I'm assuming you're riding hard pack/groomers?


----------



## shirtandnopants (Feb 11, 2011)

Music Moves said:


> I'm assuming your riding hard pack/groomers?


yup this happens more often on hard packed/groomed. Pow makes it a lot easier though i usually scarve through it


----------



## shirtandnopants (Feb 11, 2011)

Snowolf said:


> Harpack and ice is tricky to hold an edge at the bottom of the turn when carving. All forces come together here to want to throw the board to the outside of the turn...gravity, momentum and centrifugal force. A few things you can do to help increase your edge hold here:
> 
> *More angulation, less inclination:* The more you incline (lean) your body toward the inside of the turn, the more force is directed to the outside of the turn horizontally. This adds more stress to your edge hold. By using more angulation of the ankles, knees and hips. you can maintain the high edge angles needed for good carving, yet keep you body over the top of the board exerting all force vertically down onto your edge thus providing superior edge hold.
> 
> ...


cheers i'll try that when im up next.
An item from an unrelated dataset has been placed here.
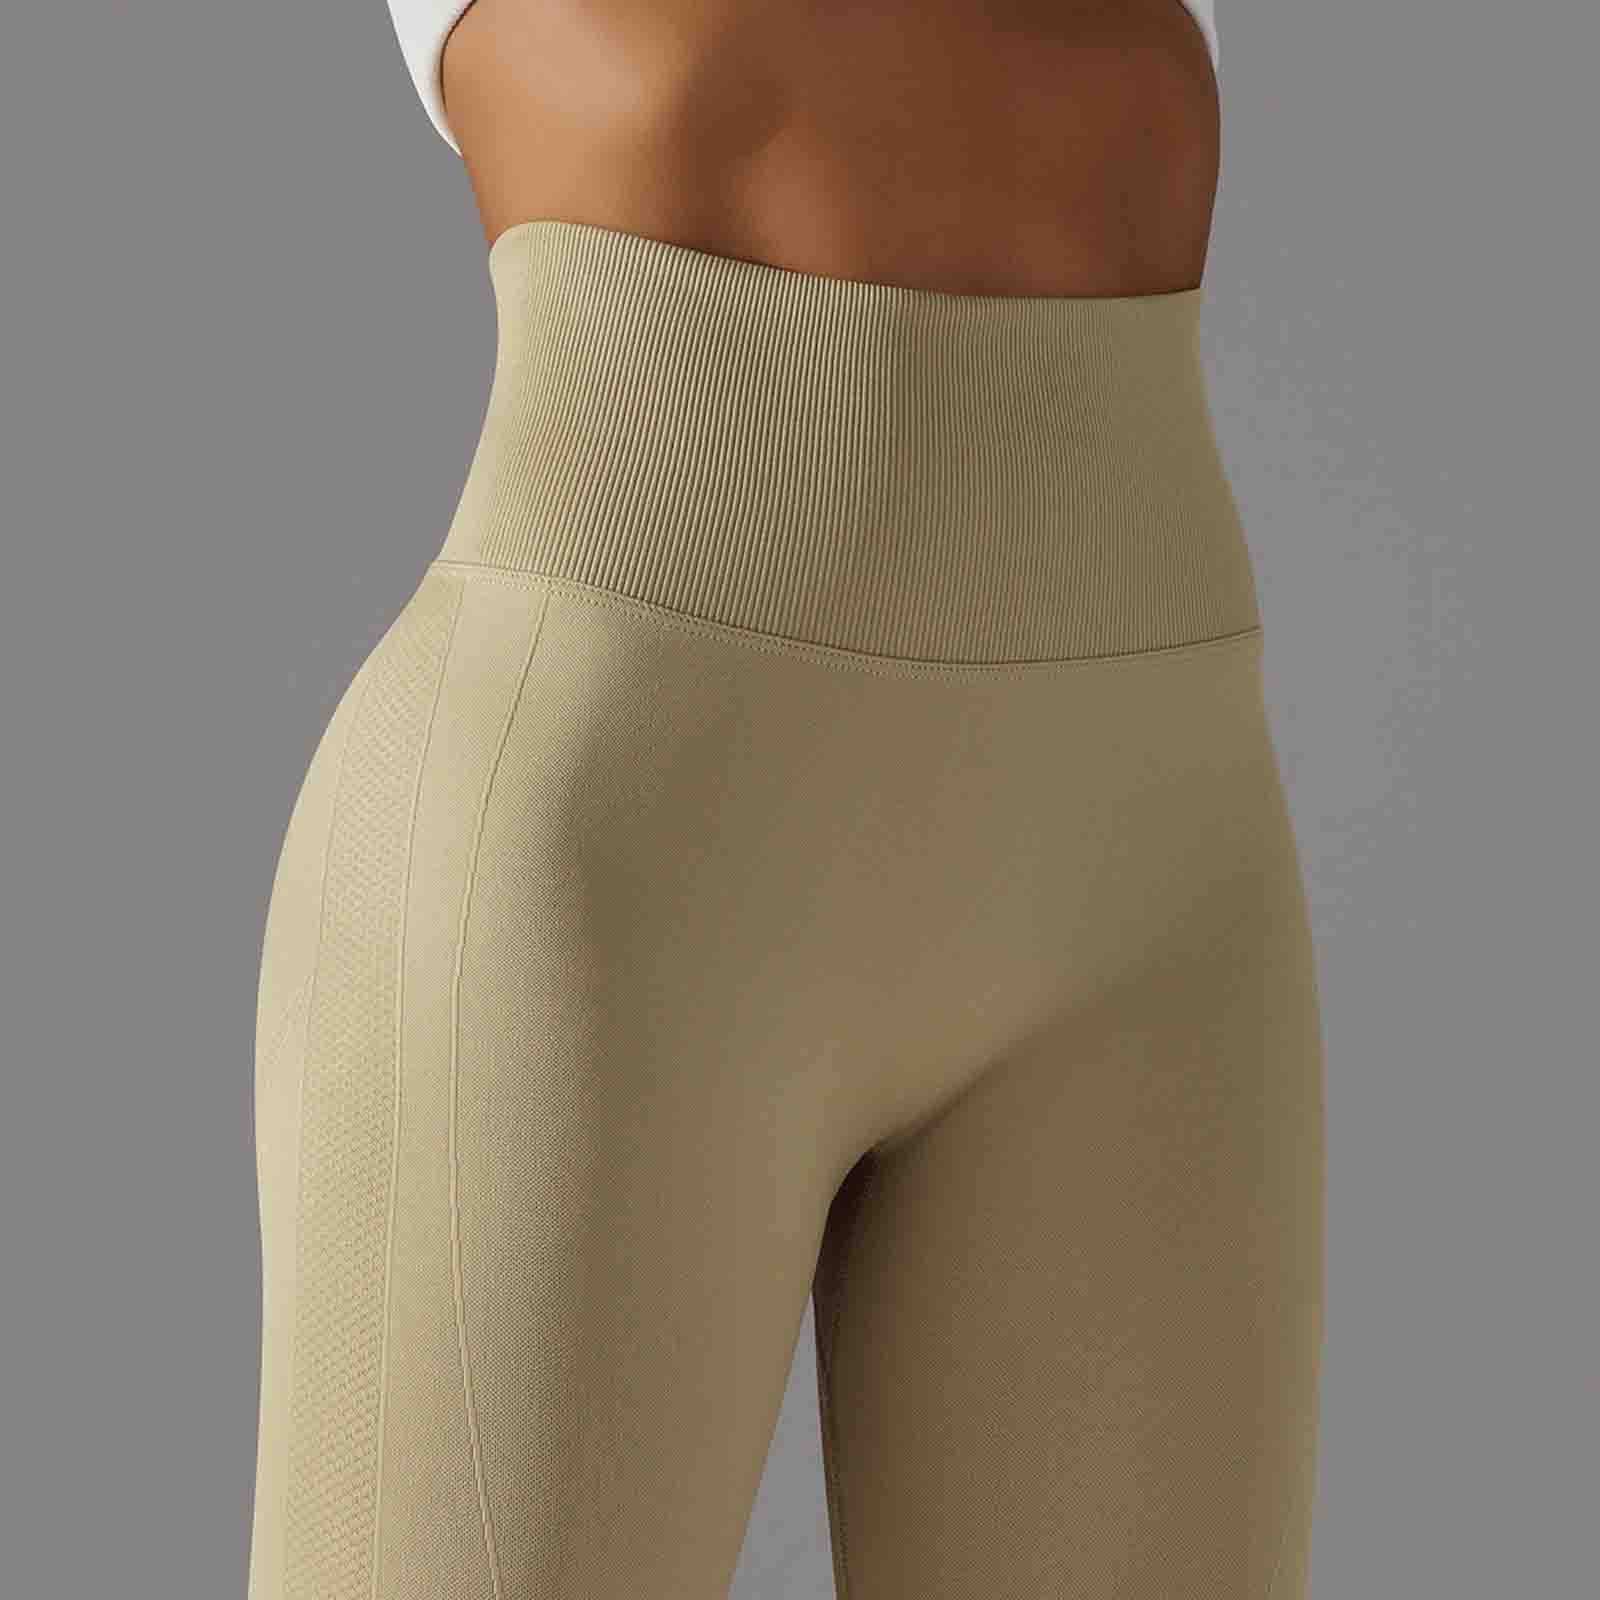 Penkiiy Yoga Pants Women's Fashion Casual Spring Summer Yoga Full Length  Pants Beige Yoga Leggings for Women

Sprained both my wrists yesterday so outta the game for at least 5 days


----------



## BliND KiNK (Feb 22, 2010)

do you have any forward lean on your bindings? that will help a lot.. I ride with no forward lean and have this problem.. but two notches of forward lean and I hold them much easier.... but giving lessons with forward lean is a big no no for me.


----------



## KIRKRIDER (Mar 18, 2008)

BliND KiNK said:


> do you have any forward lean on your bindings? that will help a lot.. I ride with no forward lean and have this problem.. but two notches of forward lean and I hold them much easier.... but giving lessons with forward lean is a big no no for me.


same question...


----------



## shirtandnopants (Feb 11, 2011)

BliND KiNK said:


> do you have any forward lean on your bindings? that will help a lot.. I ride with no forward lean and have this problem.. but two notches of forward lean and I hold them much easier.... but giving lessons with forward lean is a big no no for me.


No they're in the most upgright position possible. I'll give it a shot next session if my carving doesn't improve with practice


----------



## BliND KiNK (Feb 22, 2010)

...Well hell, look at it like this... you are using your equipment against you instead of for you.. I say instead of practicing you just change the settings to give you some forward lean... take a few runs and see if it doesn't help tremendously the way I believe it will... and if I'm wrong then you can come back and say hey kink you were wrong... then I will find where you live, because I'm never wrong


----------



## shirtandnopants (Feb 11, 2011)

BliND KiNK said:


> ...Well hell, look at it like this... you are using your equipment against you instead of for you.. I say instead of practicing you just change the settings to give you some forward lean... take a few runs and see if it doesn't help tremendously the way I believe it will... and if I'm wrong then you can come back and say hey kink you were wrong... then I will find where you live, because I'm never wrong


I live up on a mountain in a cave :cheeky4: 

when would you have your bindings not giving you any front lean?


----------



## BliND KiNK (Feb 22, 2010)

shirtandnopants said:


> I live up on a mountain in a cave :cheeky4:
> 
> when would you have your bindings not giving you any front lean?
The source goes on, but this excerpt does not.